くだらない男だ。だが、兄の身の安全は、確かにこの男が一端を握っている。
「…わかりました」
「そんな顔するなよお?な、さっきも言ったように、お前は大罪を犯すとは言え、それはひいてはアスランの為だ。なにも、ビビることはねえ」
「お話はこれだけですか。そうなら、さっさと行ってきます」
「おお、さっさと行けや、この鈍間野郎!!」
どん、とボルドクはマシロを突き飛ばし、そのままどうなったか見もせずに歩み去る。
「…」
なんとか壁に手をついて転倒を免れたマシロもまた、その肉厚の背中を見てはいなかった。
(どうするか)
ボルドクは調子のいいことを言っていたが、もし本当に『紅鴉の爪』を二太子の許しなく持ち出せば、罪に問われるにきまっている。

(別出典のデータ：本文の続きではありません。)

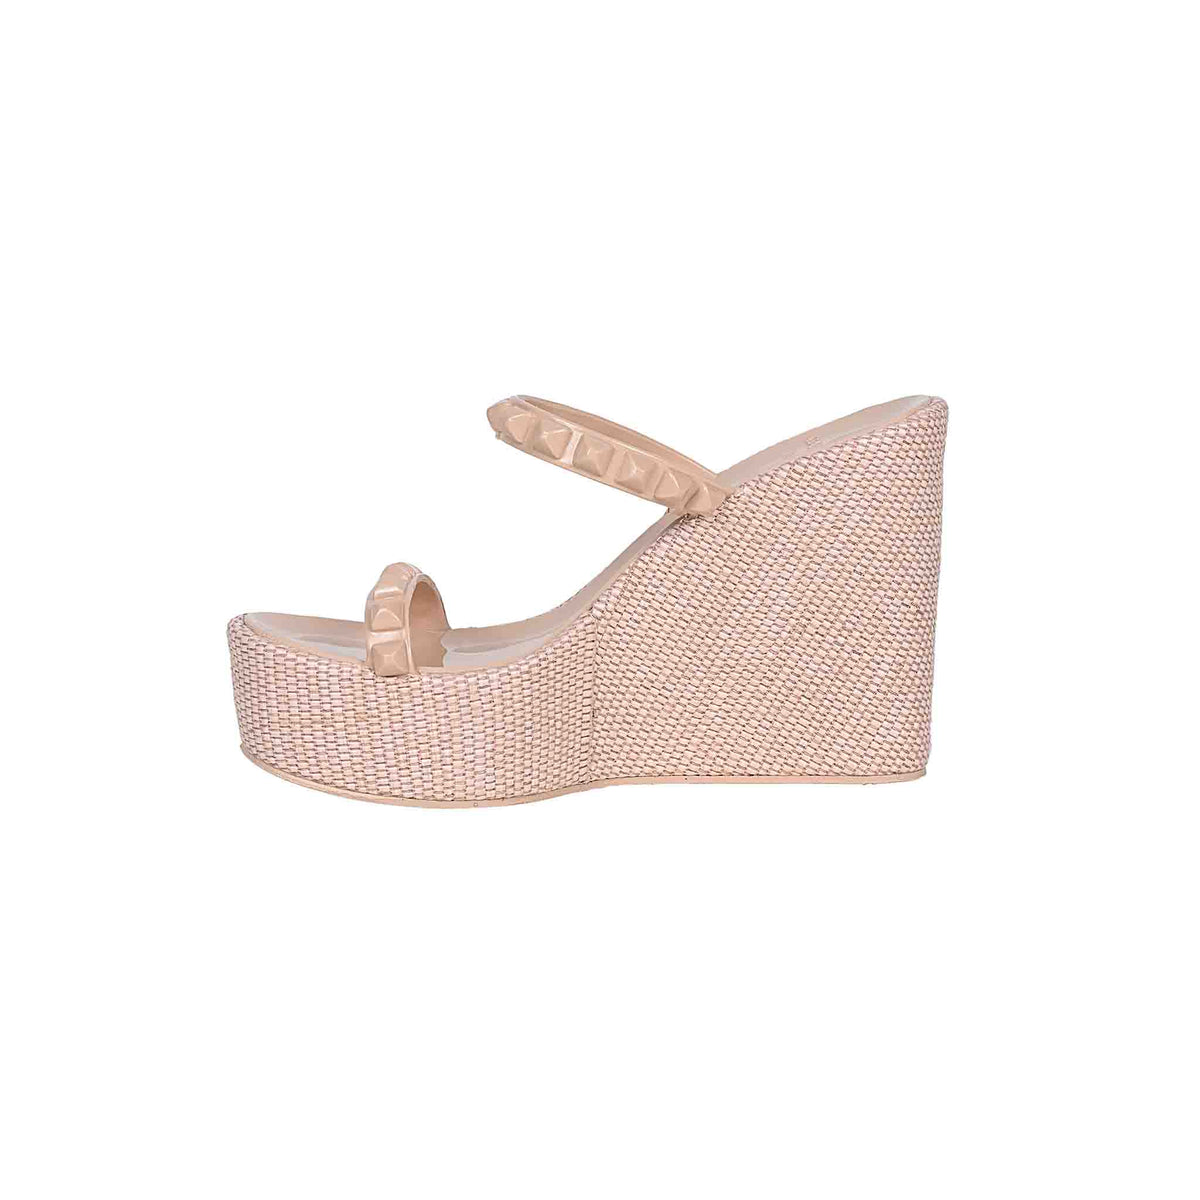 Blush in color Melissa Shoes Designed for relaxation, these wedges offer a comfortable lift without compromising on style, making them ideal for leisurely beach walks.
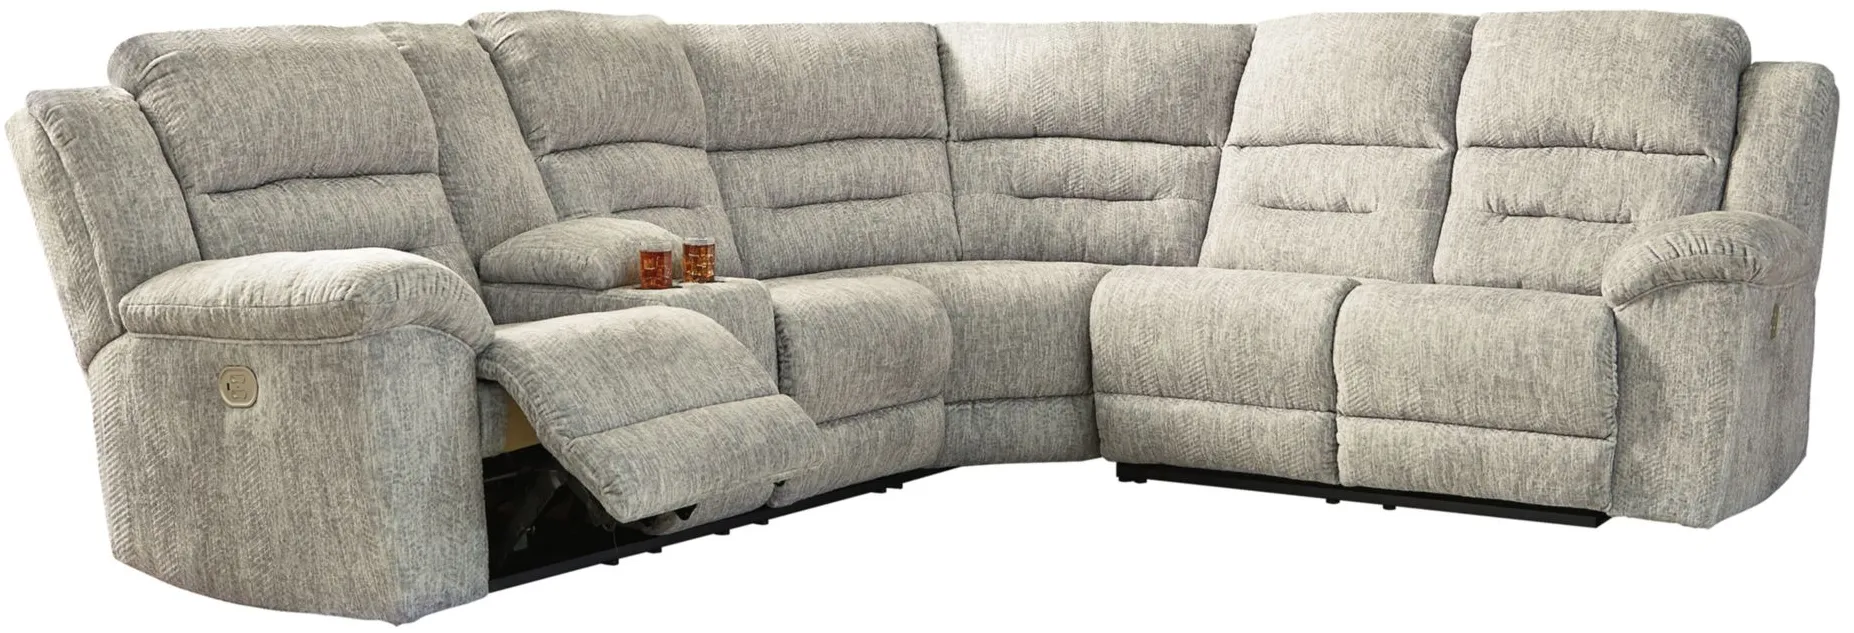 Family Den 3-pc. Power Reclining Sectional in Pewter by Ashley Furniture

その時、ボルドクは自分が命じたとは絶対に認めないだろう。
うまくいけば『紅鴉の爪』を研ぎ直した鍛冶師と讃えられ、露見すれば、弟子を唆したのはトムスフだと言い立てて、マシロと共に死罪にできる。
どちらにせよ、ボルドクの得にしかならない。
そう、あの緩い脳味噌は皮算用しているのだろうと、マシロは唾を吐きたい気分になった。
再び壁に背を預け、やや曇りだした空を見上げる。
「…羊肉は熱いうち、だな」
小さな昏い呟きは、舞い落ち始めた雪に紛れ。
誰の耳も拾わないまま、散っていった。